I felt great love to the Methodists, especially to the preachers, as the servants of the most high God, sent to teach us the way of salvation. The people took notice of me, talked with me, and wished me to cast in my lot among them. I did so, though I did not think myself worthy and I bless God, I have never felt a desire to

leave them since. I continued mourning after the Lord, and at length he heard my cry. One day, as I remember, I was reading in a book where the writer was answering that objection concerning the day of grace being past the Lord was pleased to send me deliverance; I found springing hope, and a sense of his goodness. How did I admire the love of God and the love of Jesus Christ to me! All my thoughts were swallowed up in heavenly contemplation: and I could truly say, "The Lord is my life and my salvation, whom shall I fear? Thine anger is turned away, and thou comfortest me."

I now tried what the Spirit had wrought in me by the marks laid down in the Holy Scripture: and hence I found reason to believe that I belonged to Christ, and was a child of God. I made a free-will offering of all I had to be his for ever; and I thank him from the ground of my heart that I have been kept in the same mind to this day; though I have great cause to be ashamed that I have made no better improvement, and often mourn and weep on that account. When I had thus found the goodness of God to my own soul, I could not forbear speaking of it to others; and the Lord gave me wonderful light and courage in his blessed work. He helped me to reprove sin, wherever I met with it, with humility, meekness, and much prayer: yet without fearing the face of any man, though many said I was out of my mind, yea, and wished me out of the world. The Lord enabled me to set my face as a flint, and to bear a testimony for him wherever I went; and I was much blessed in so doing. There was a little town not far from ours, where I sometimes went, got a few poor people together, and talked to them about their souls. I often read the Scriptures to them, and sometimes made some remarks thereon. The Lord was pleased to bless my weak endeavours among them, so that a few of them gathered together, and the preacher joined them in a society, and put me in to be the leader.

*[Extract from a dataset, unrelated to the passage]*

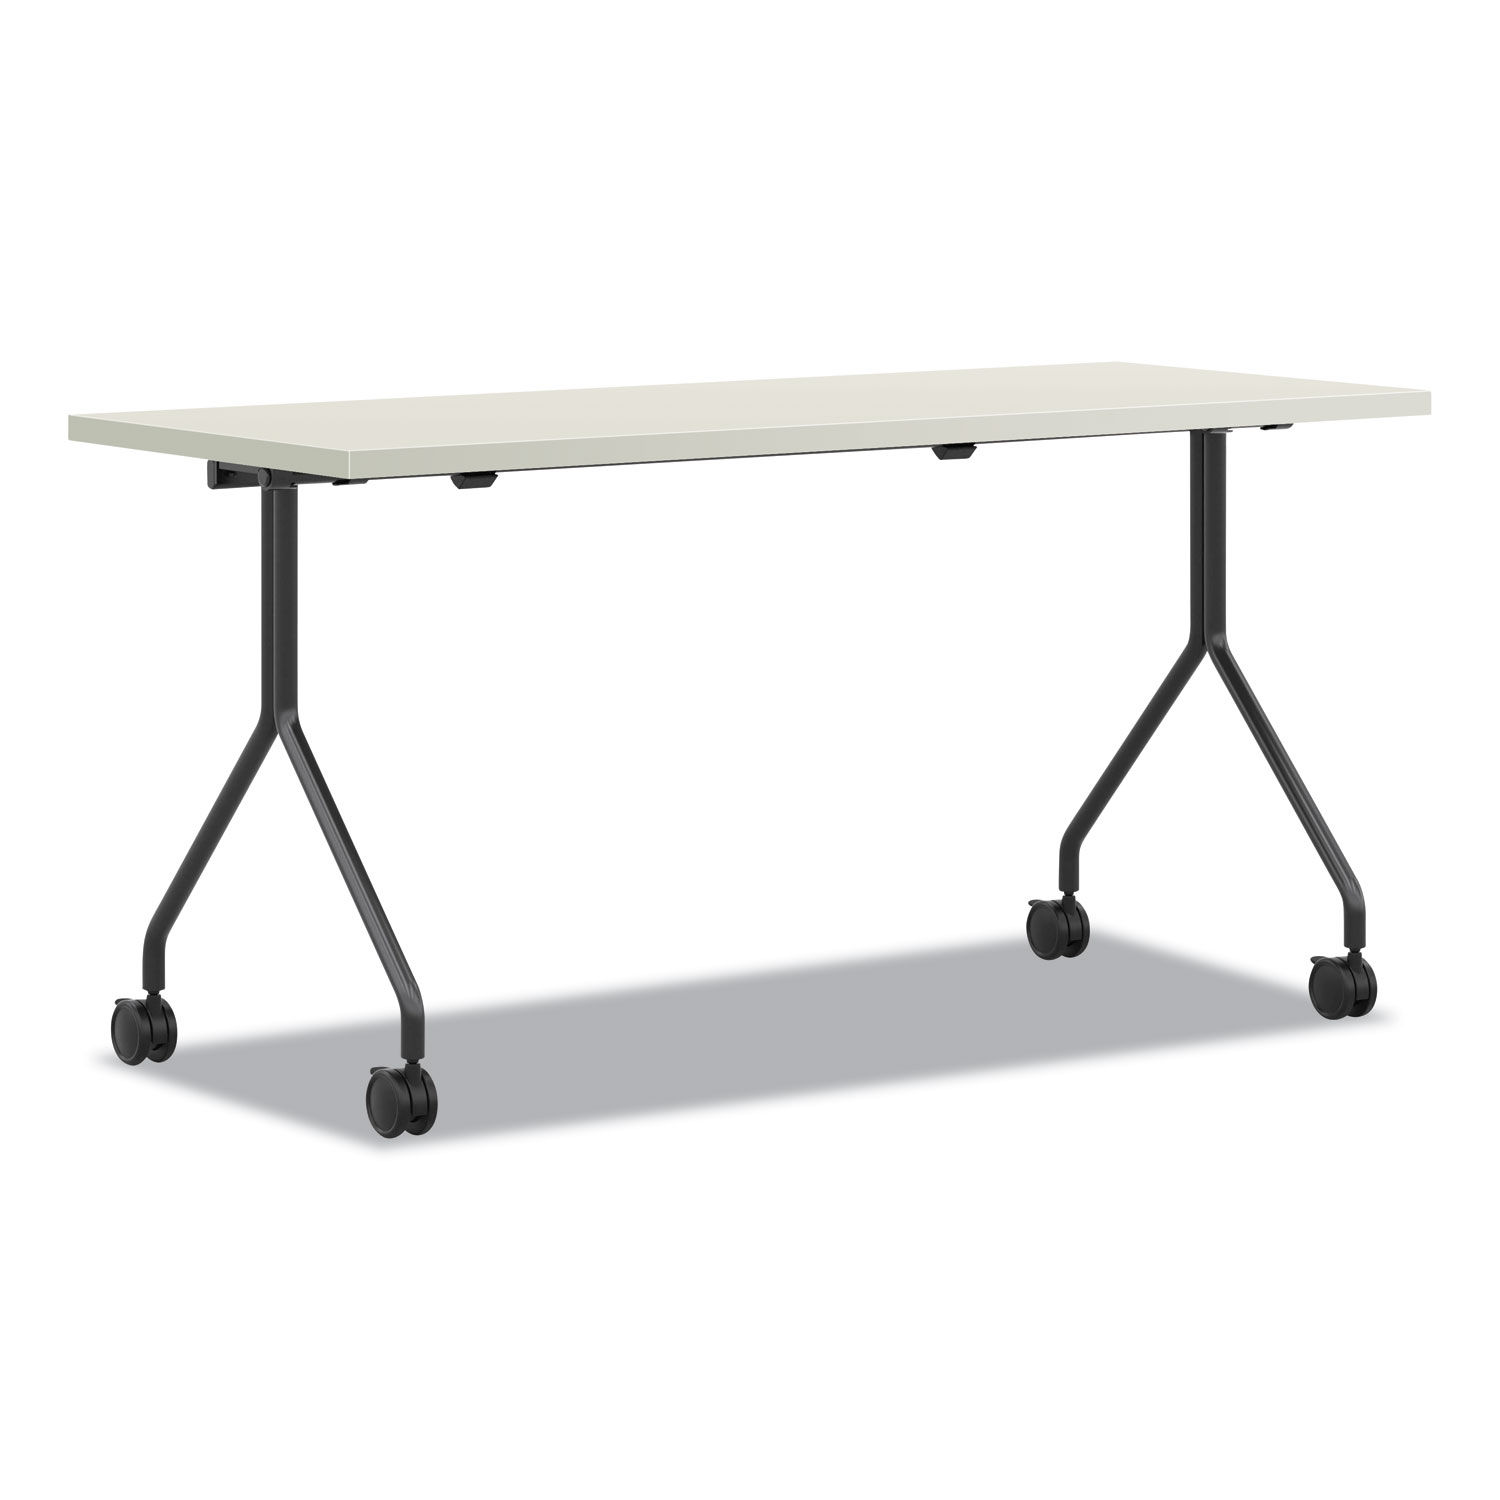 Between Nested Multipurpose Tables Rectangular, 72 x 30, Silver Mesh/Loft
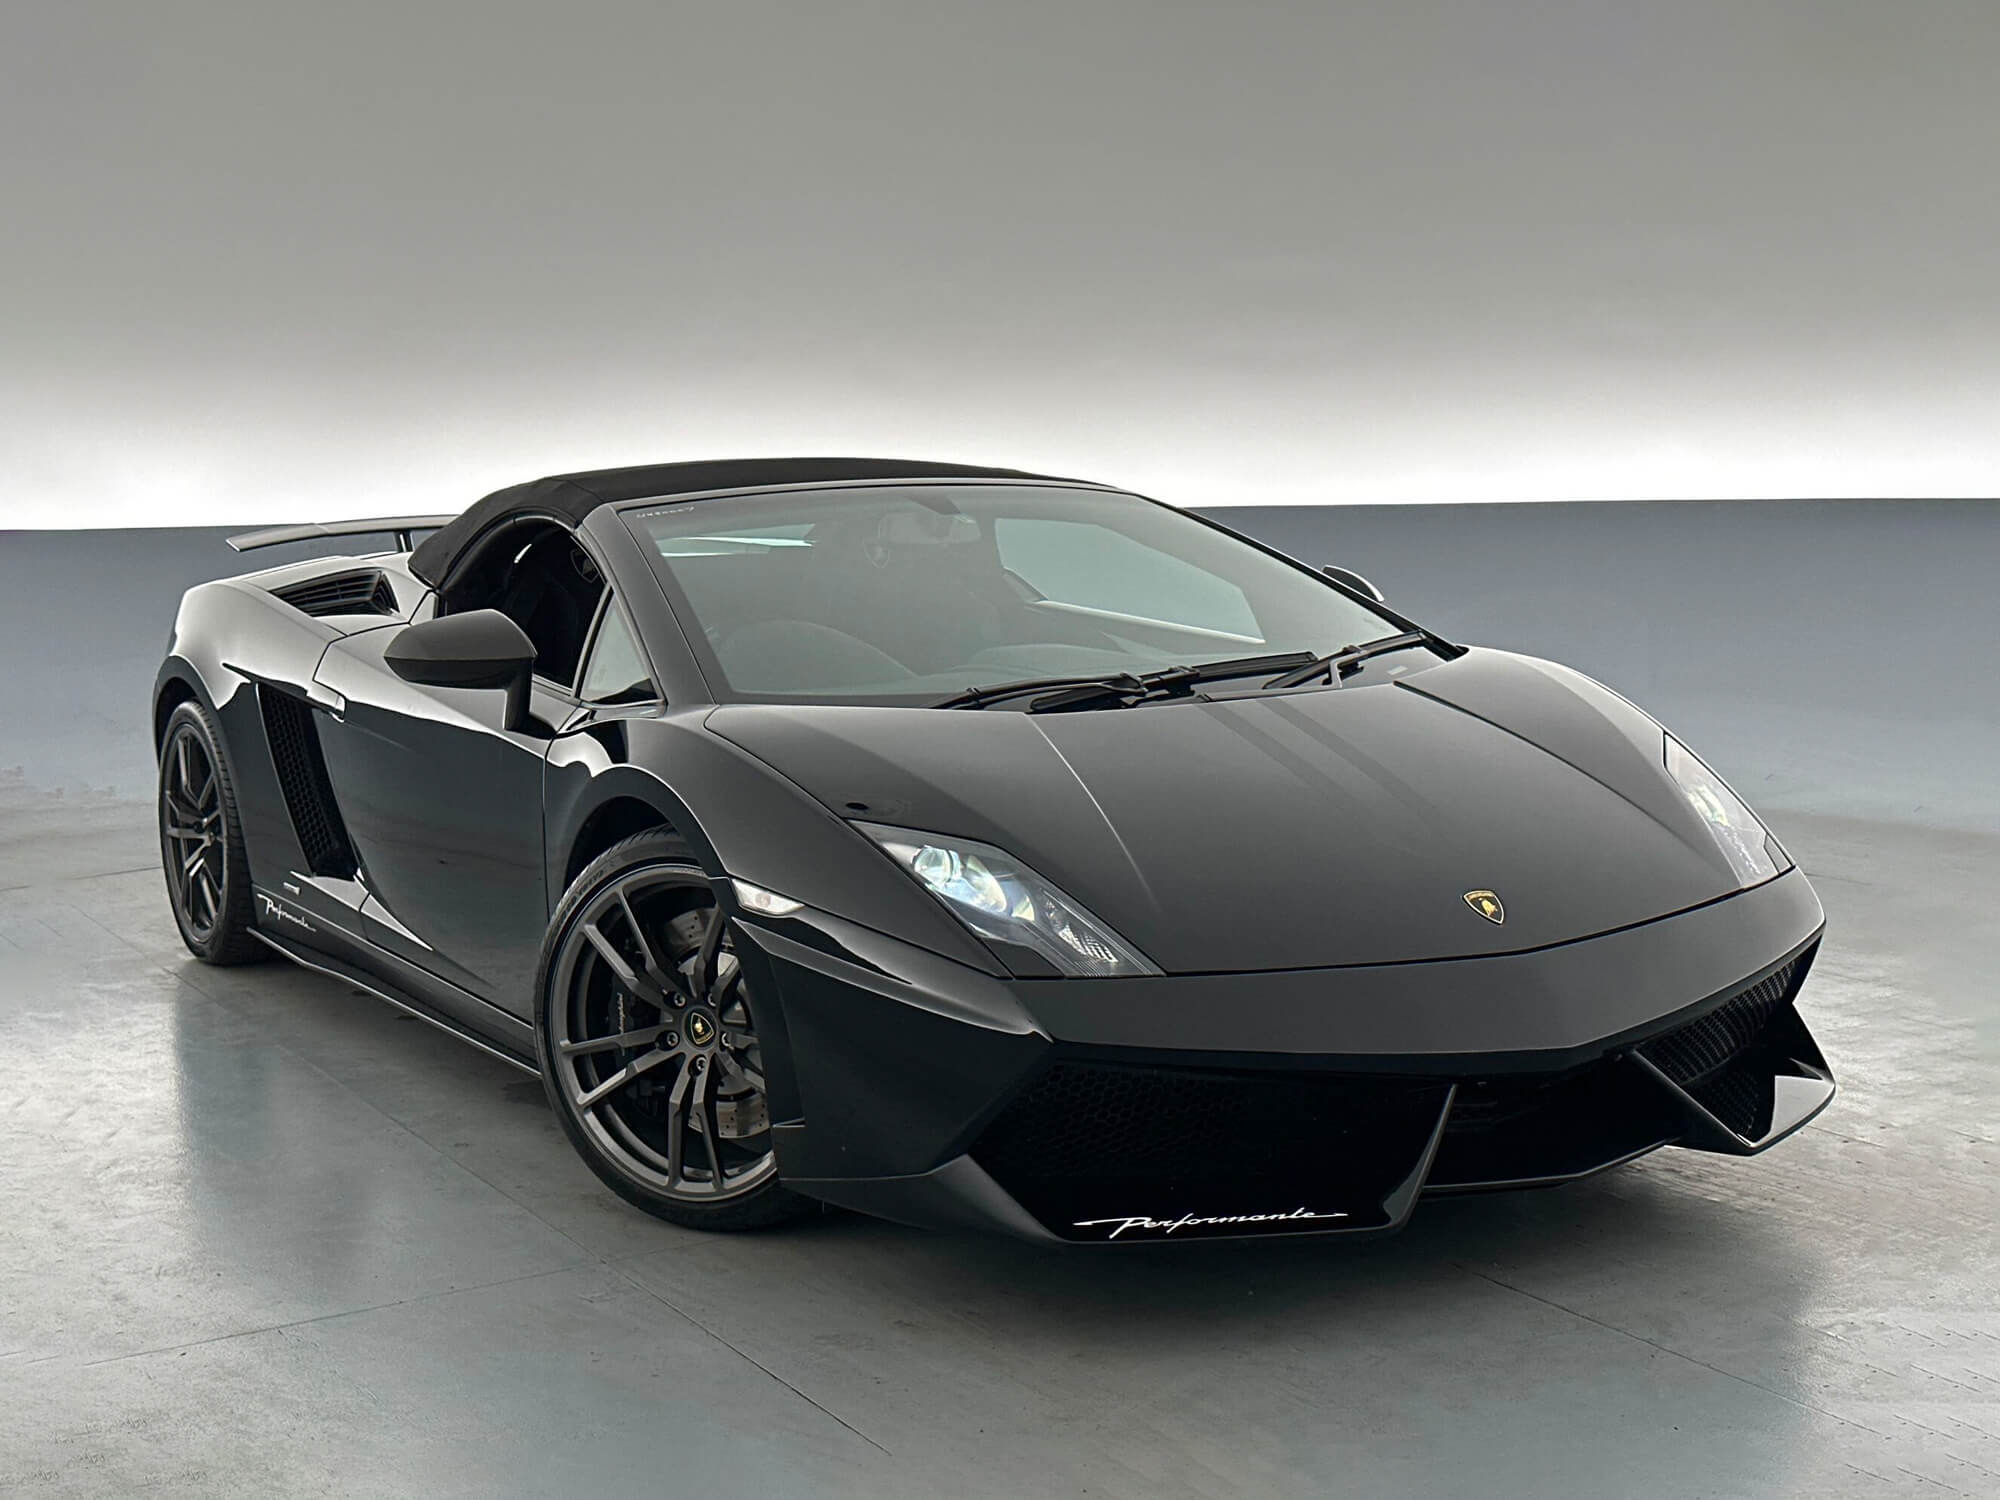 View a black 2012 Lamborghini Gallardo L140 LP570-4 Performante available via auction.

I met with many trials in this little way, and was often tempted to give it up; but I durst not.

I used to travel far on the Lord's day to hear the word of God. If it happened the preacher did not come, I was pressed upon to give an exhortation to the people.

This I frequently did, but I often went home distressed to the last degree, through a deep sense of my own unworthiness: yet it was not always so. At other times I was happy and lively, having strong evidence that I was doing the will of God. Meantime seve al of the preachers spoke to me about travelling but the importance of the work made me afraid; till in the year 1767, at the London conference, Mr. Rowel recommended me, and I was taken in upon trial. I was then appointed for the Barnard Castle circuit, and entered upon my work with great fear: there seemed many difficulties in my way however, I gave myself up to the Lord, and he was pleased to give me favour in the eyes of the people. Two years after I was stationed in Yarm circuit. I was afterward appointed to Barnard Castle circuit again, and God was pleased to bless my labours, with that of the other preachers. We had such a work of God in several parts of this circuit as I never saw. Hardly any thing of the kind in England hath exceeded it, both with regard to its swiftness and depth: the power of God bore down all before it, and it seemed as if God was about to convert all the world. After I left this circuit, I was placed at Hull, then at York, and afterward in the Scarborough circuit. We had a gracious increase of the work of God here; and I never found more enlargement of heart. We broke up much fresh ground, took in many new places, and many souls were converted to God. The last year you appointed me for the Thirsk circuit. This has been a year of trial, but the Lord has stood by me, and I am strengthened.

What success I may have for time to come, I cannot tell. It is still my one desire to give myself wholly to the Lord, and to his blessed work. I wish to live to better purpose than I have yet done, to be more fruitful in his house and in the world. I am conscious of many defects in myself, and feel my need of Christ every moment. My soul hangs upon him, and I experience salvation from day to day and I trust he that has kept me till now will keep me to the end.

Wishing you all peace and prosperity, I remain, Rev. and dear sir, your affectionate son in the Gospel of Christ, WILLIAM HUNTER.